Когда грек втолкнул меня внутрь, лежащий человек поднял голову, прищурил против света глаза. Движение, как бы незначительно оно ни было, казалось, далось ему с трудом.
Он был болен, очень болен, – чтобы понять это, не надо было видеть неумело наложенных, жестких от засохшей крови повязок на левой руке и плече. Его обросшее не менее чем двухдневной щетиной лицо было бледно, щеки ввалились, а кожа вокруг глаз, блестевших подозрительно ярко, потемнела от боли и жара. На лбу у него была кровоточащая рана, волосы над ней слиплись, и к ним пристали соринки от его ложа.
Что же до остального, то он был молод, темноволос, голубоглаз, как многие жители Крита, и, если бы его помыть, побрить и если бы он был здоров, то выглядел бы довольно представительным мужчиной. Его нос и рот свидетельствовали о незаурядной энергии, руки были, несомненно, умелые, и, насколько я успела заметить, физически он был достаточно крепок. Надетые на нем темно-серые брюки и рубашка, когда-то белая, сейчас были грязные и рваные. Единственной постельной принадлежностью служила сильно потрепанная штормовка – старенькая куртка цвета хаки, предположительно принадлежащая человеку, который напал на меня. Больной прижимал ее к себе, как будто ему было холодно.

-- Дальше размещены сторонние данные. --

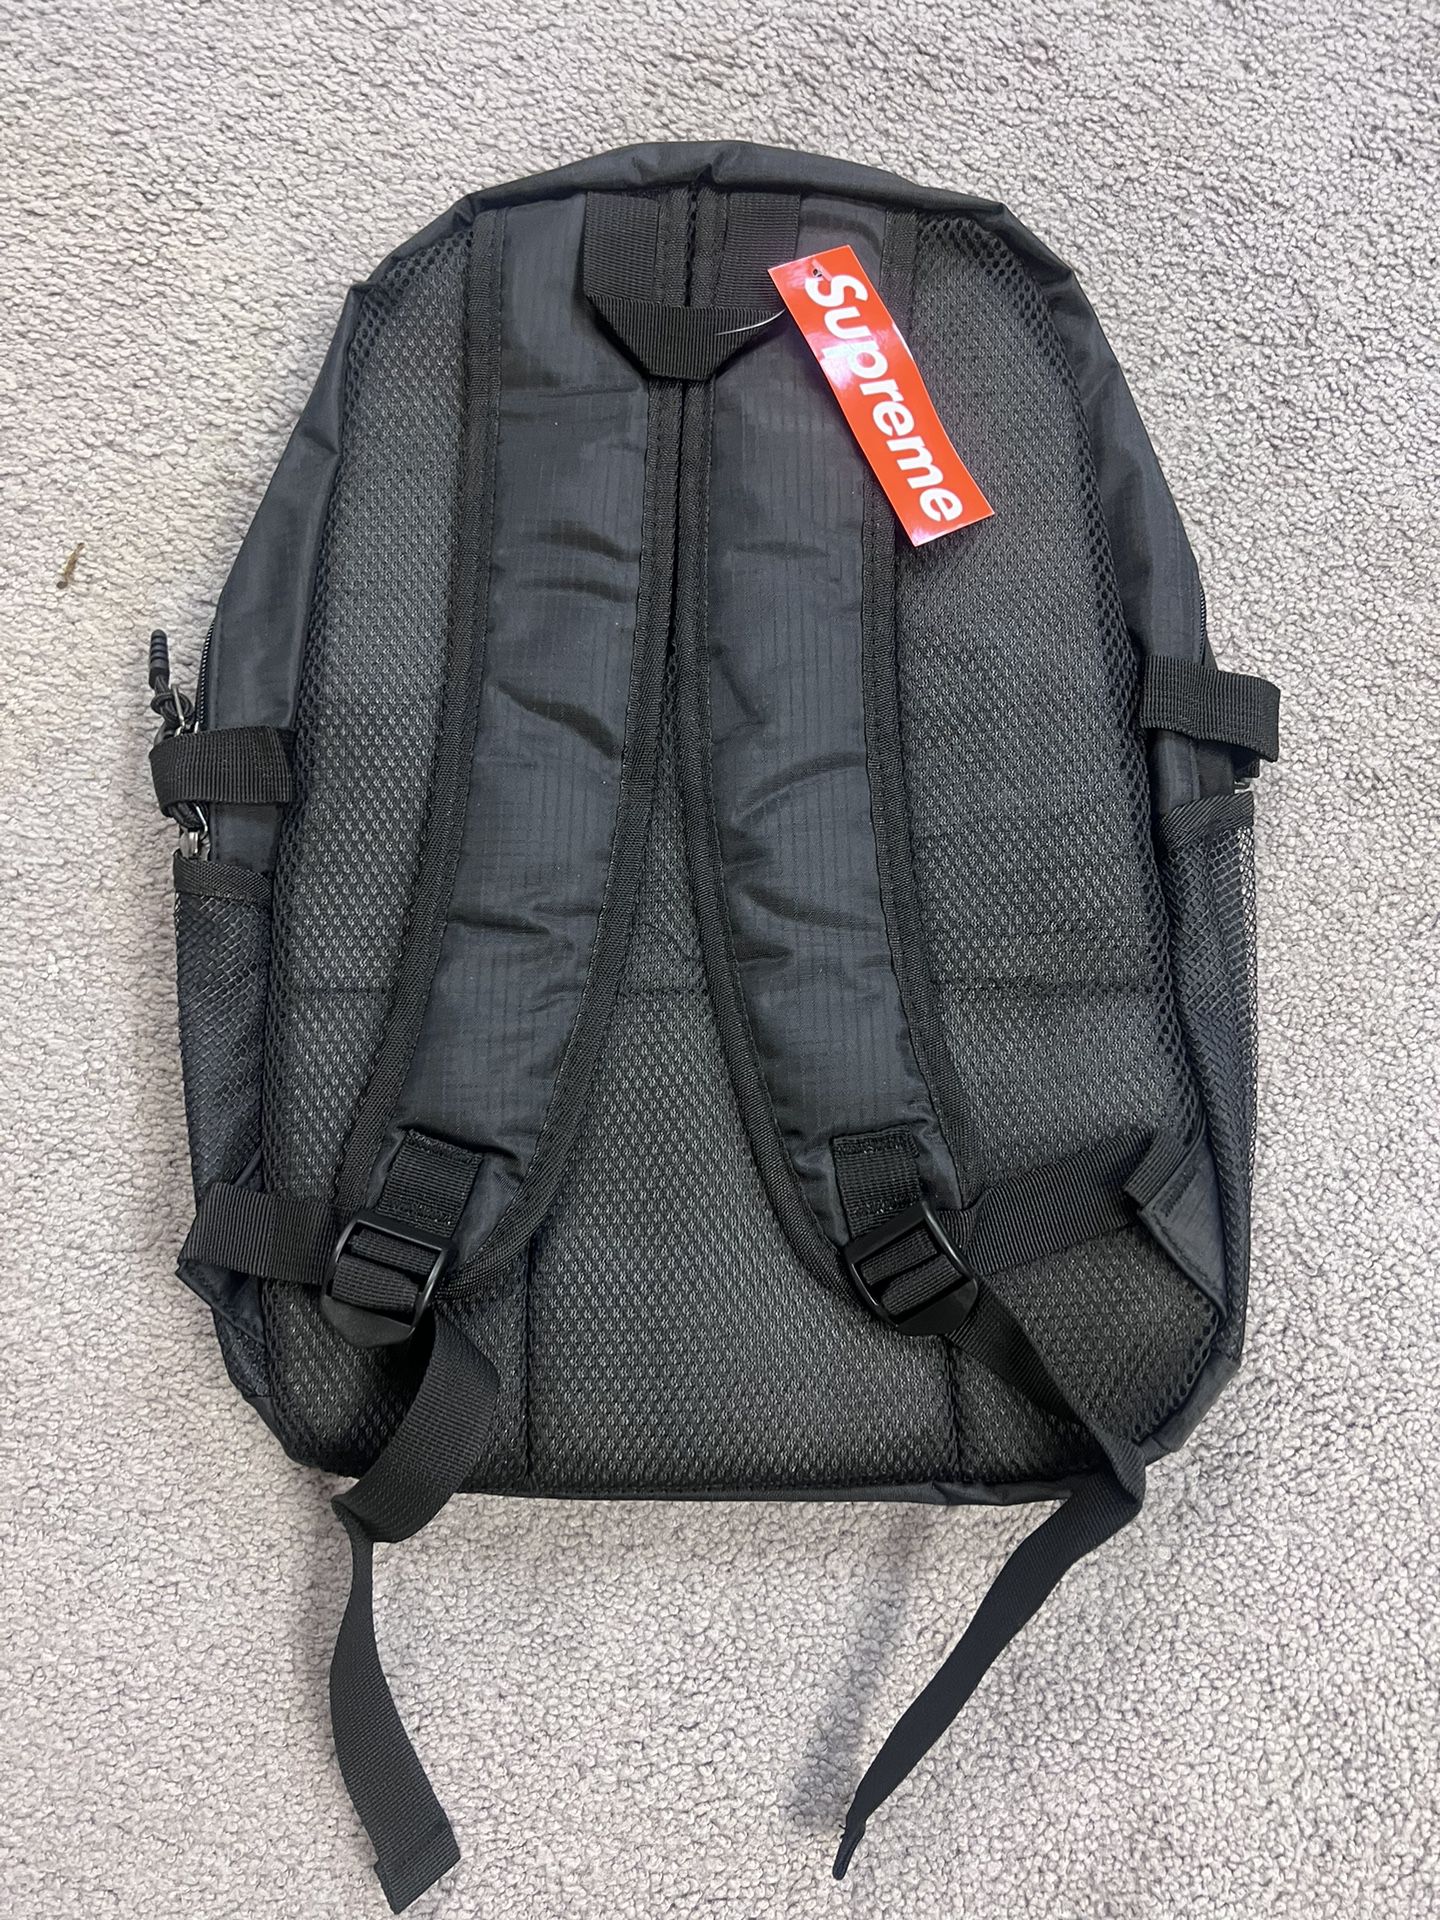 ss17 Supreme Backpack for Sale in Redmond, WA - OfferUp

Он прищурил свои светлые глаза, присматриваясь ко мне и, по-видимому, собираясь с мыслями.
– Надеюсь, Ламбис не ушиб вас? Вы… кричали?
Казалось, он говорит откуда-то издалека, но я тотчас же поняла, что голос его, хотя и достаточно ровный благодаря заметному усилию, был очень слаб. Создавалось впечатление, что он пытается сберечь остатки сил, но они покидают его. Он говорил на английском, а я настолько была потрясена случившимся, что сначала подумала: «Как он хорошо говорит по-английски» – и лишь потом, с некоторым изумлением: «Да он англичанин».
Конечно, это было первое, что я сказала, все еще продолжая разглядывать детали: кровь вокруг раны, ввалившиеся щеки, грязную постель.
– Вы… вы… англичанин? – неуверенно произнесла я.
Глупо уставившись на него, я не сразу осознала, что грек Ламбис отпустил мой локоть, и машинально потирала схваченное им место, где позднее появился синяк.